-- Required work --
An exact transcription of the listing, without its images, is what the answer must contain.

-- Dataset excerpt --
*** Block opens ***

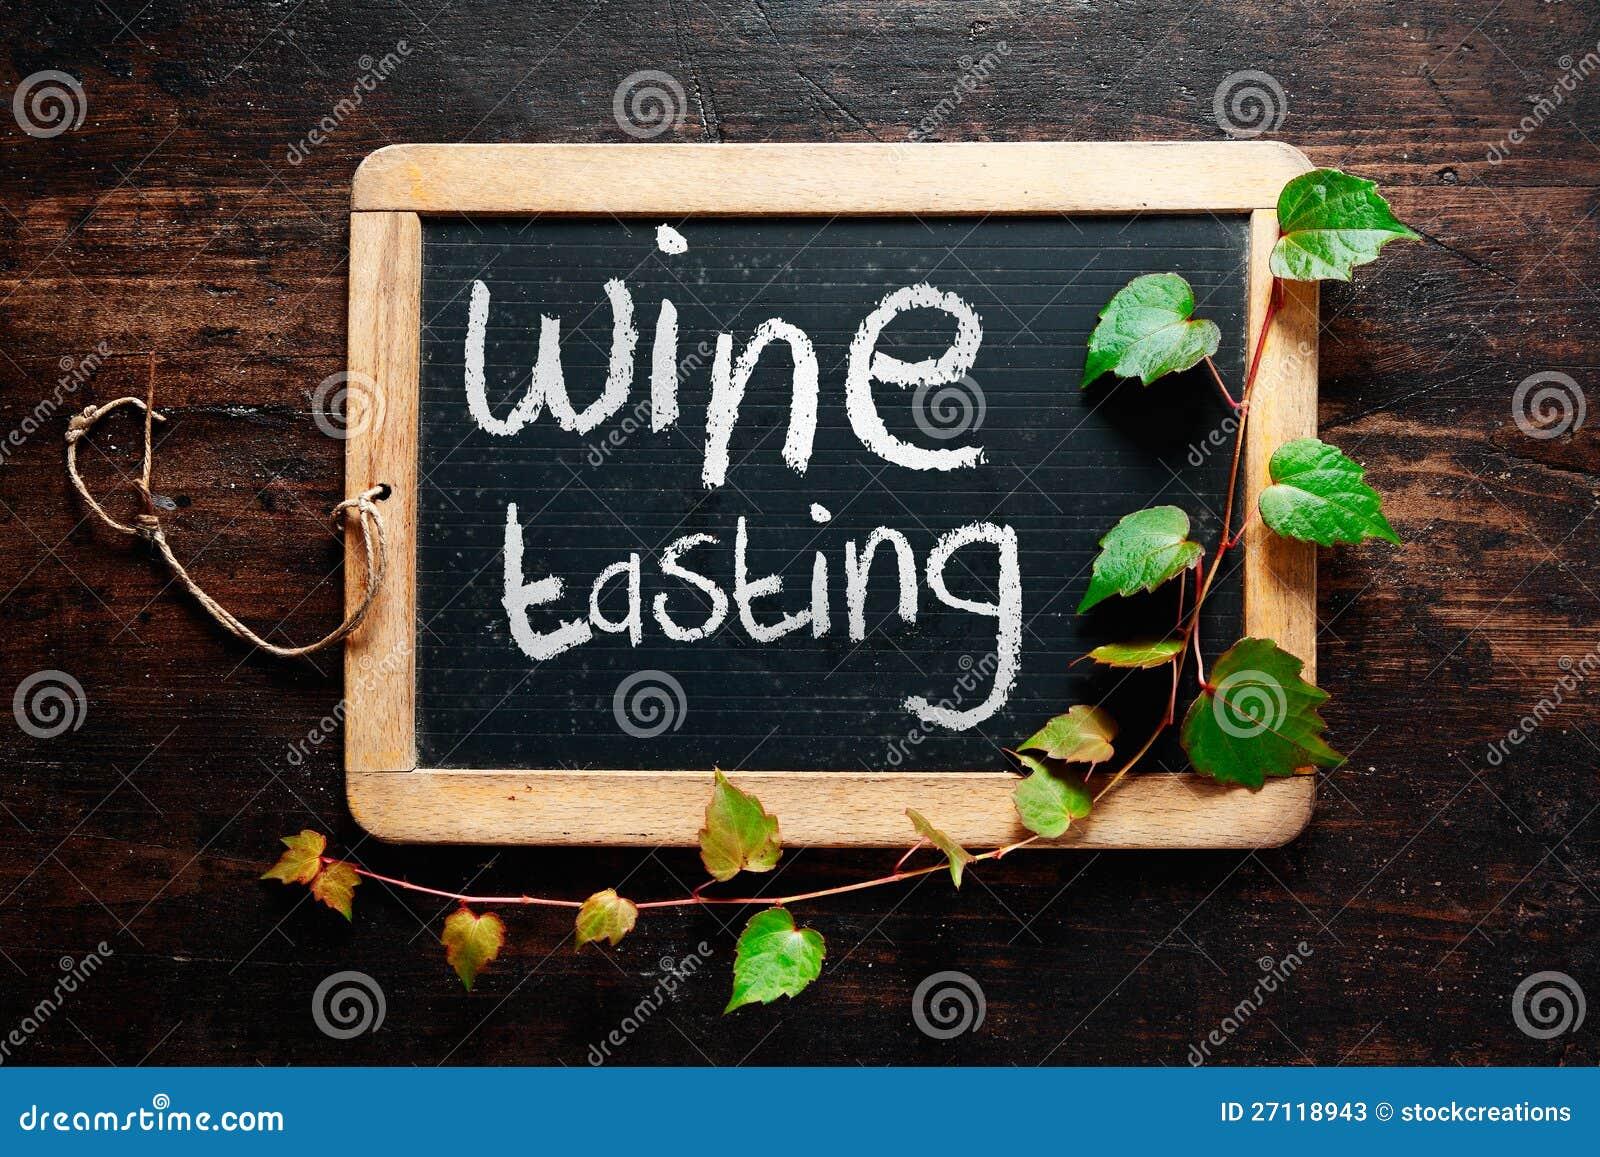 handwritten decorative wine tasting sign stock photos   image 27118943
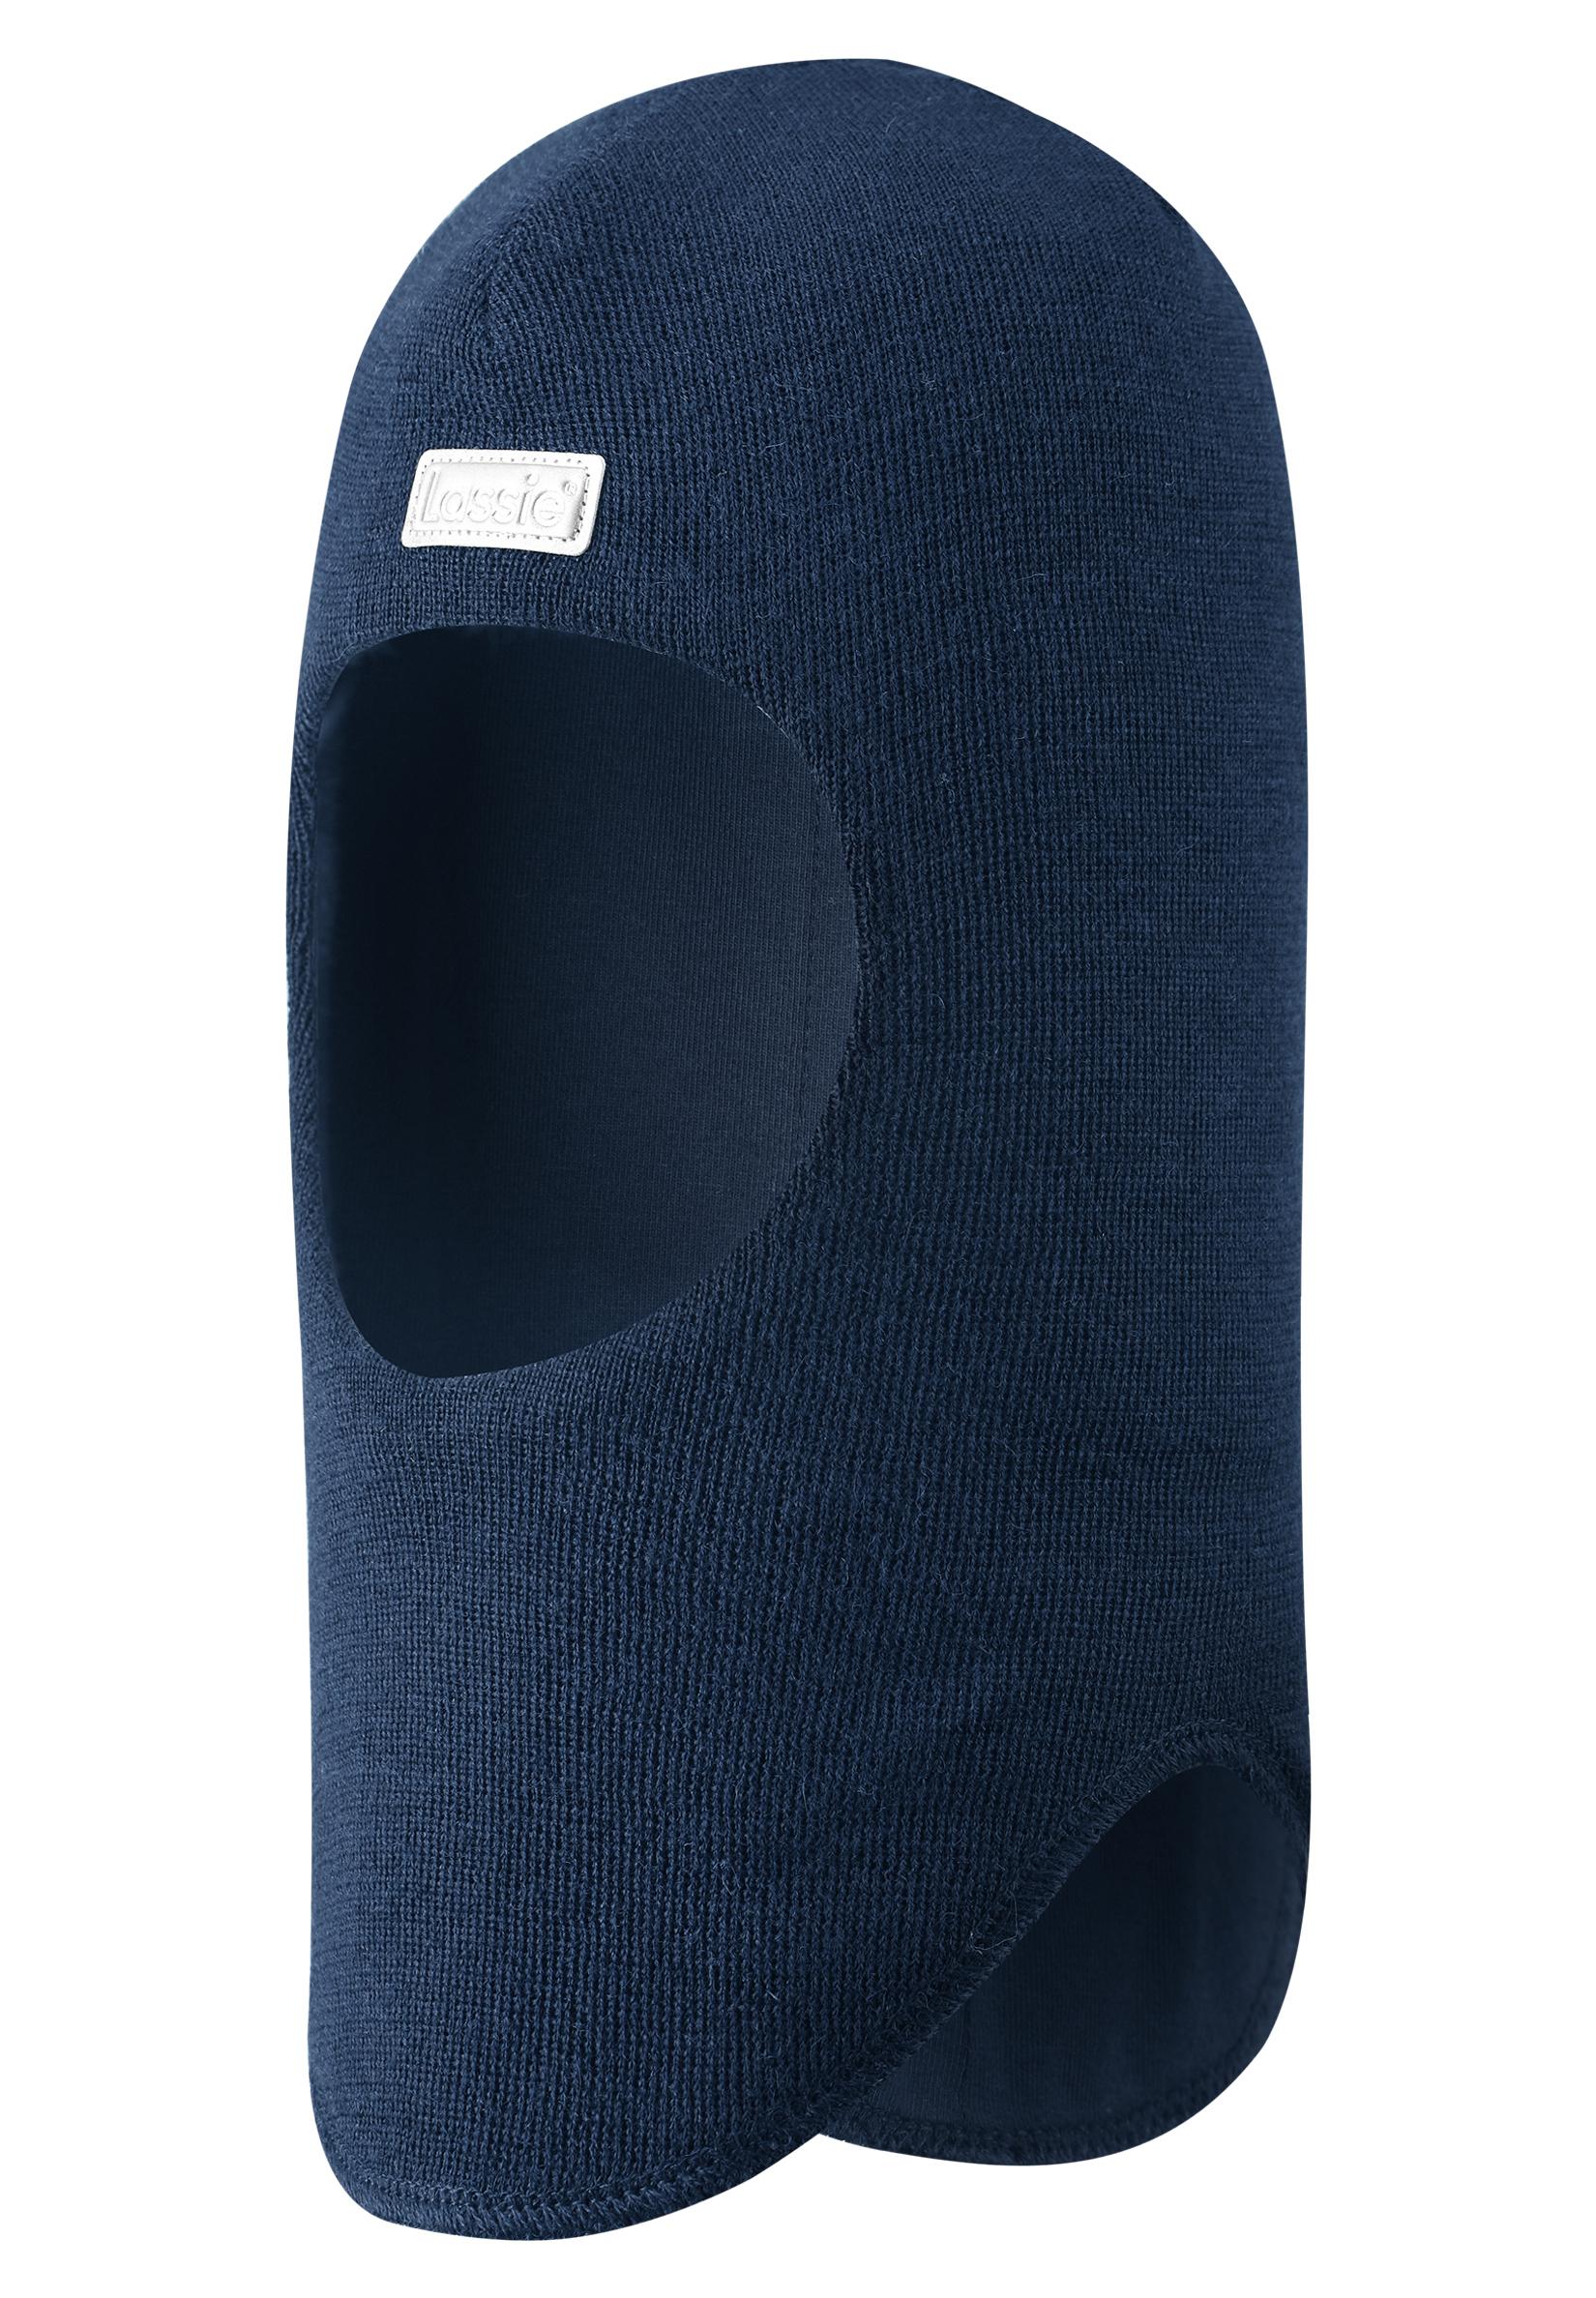 Головные уборы Lassie Шапка-шлем Lassie, синяя skiki skiki шапка шлем зимняя синяя
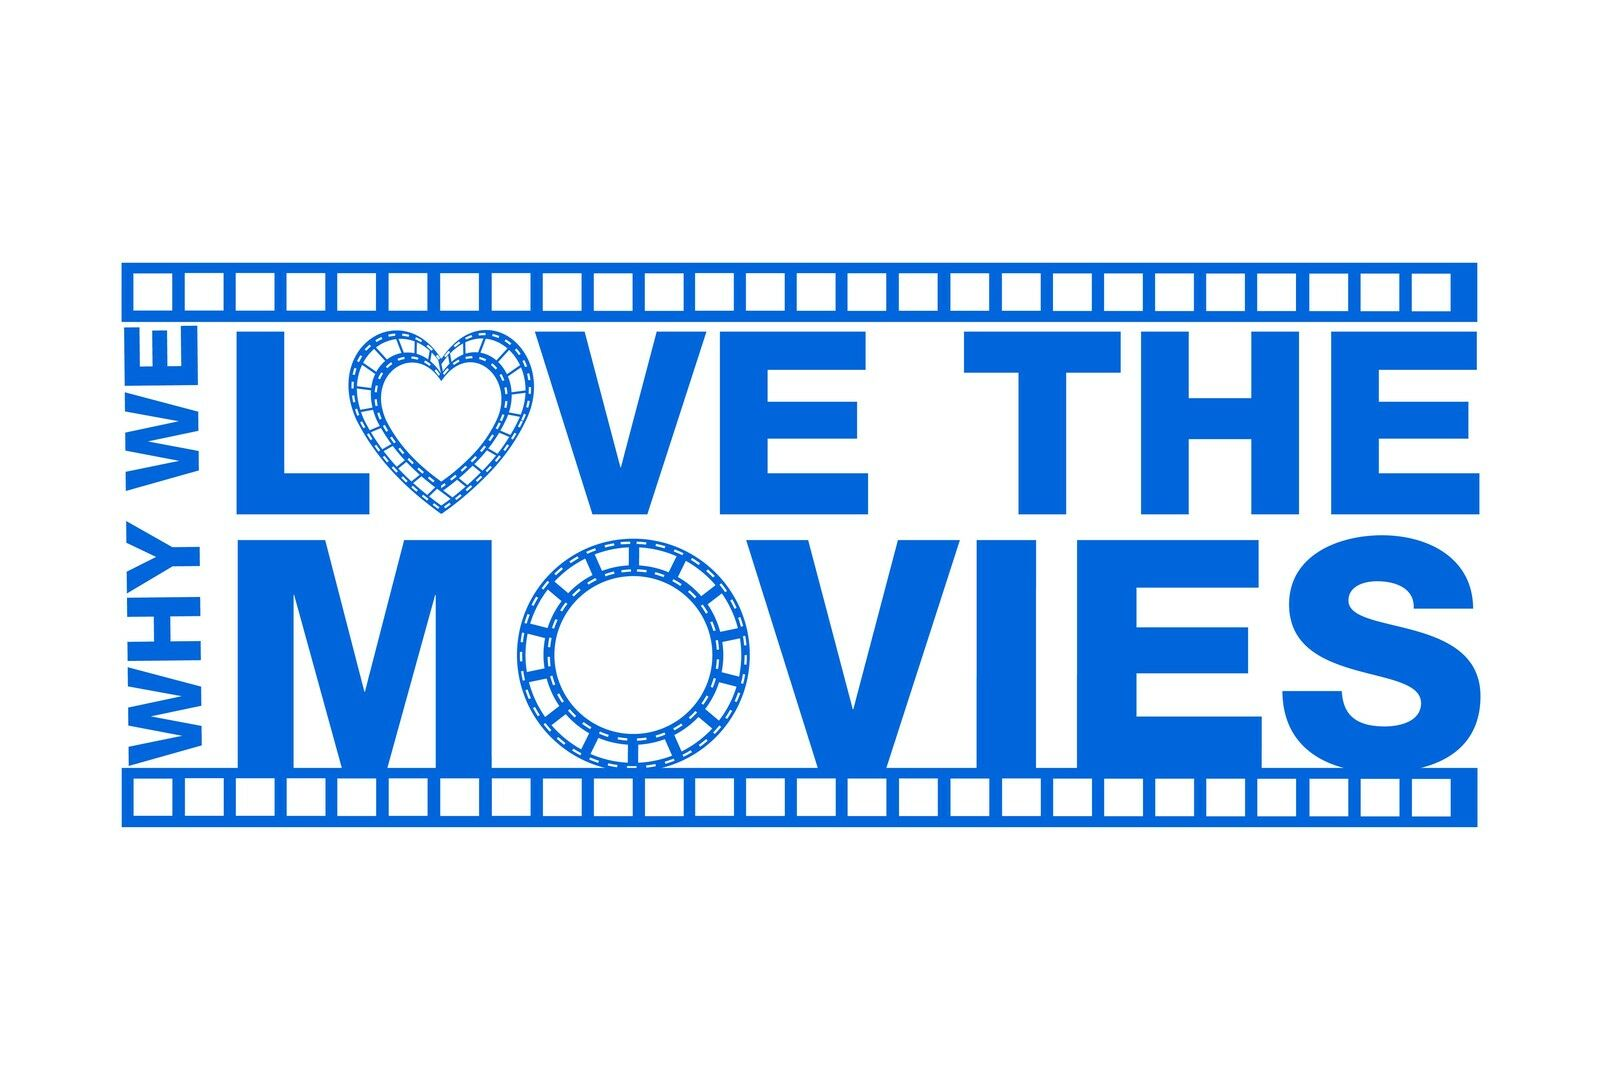 STEVE'S MOVIE AND TV MEMOROBILIA

*** Block closes ***

-- Written answer --
 handwritten decorative wine tasting sign stock photos   image 27118943
 Головные уборы Lassie Шапка-шлем Lassie, синяя skiki skiki шапка шлем зимняя синяя
 STEVE'S MOVIE AND TV MEMOROBILIA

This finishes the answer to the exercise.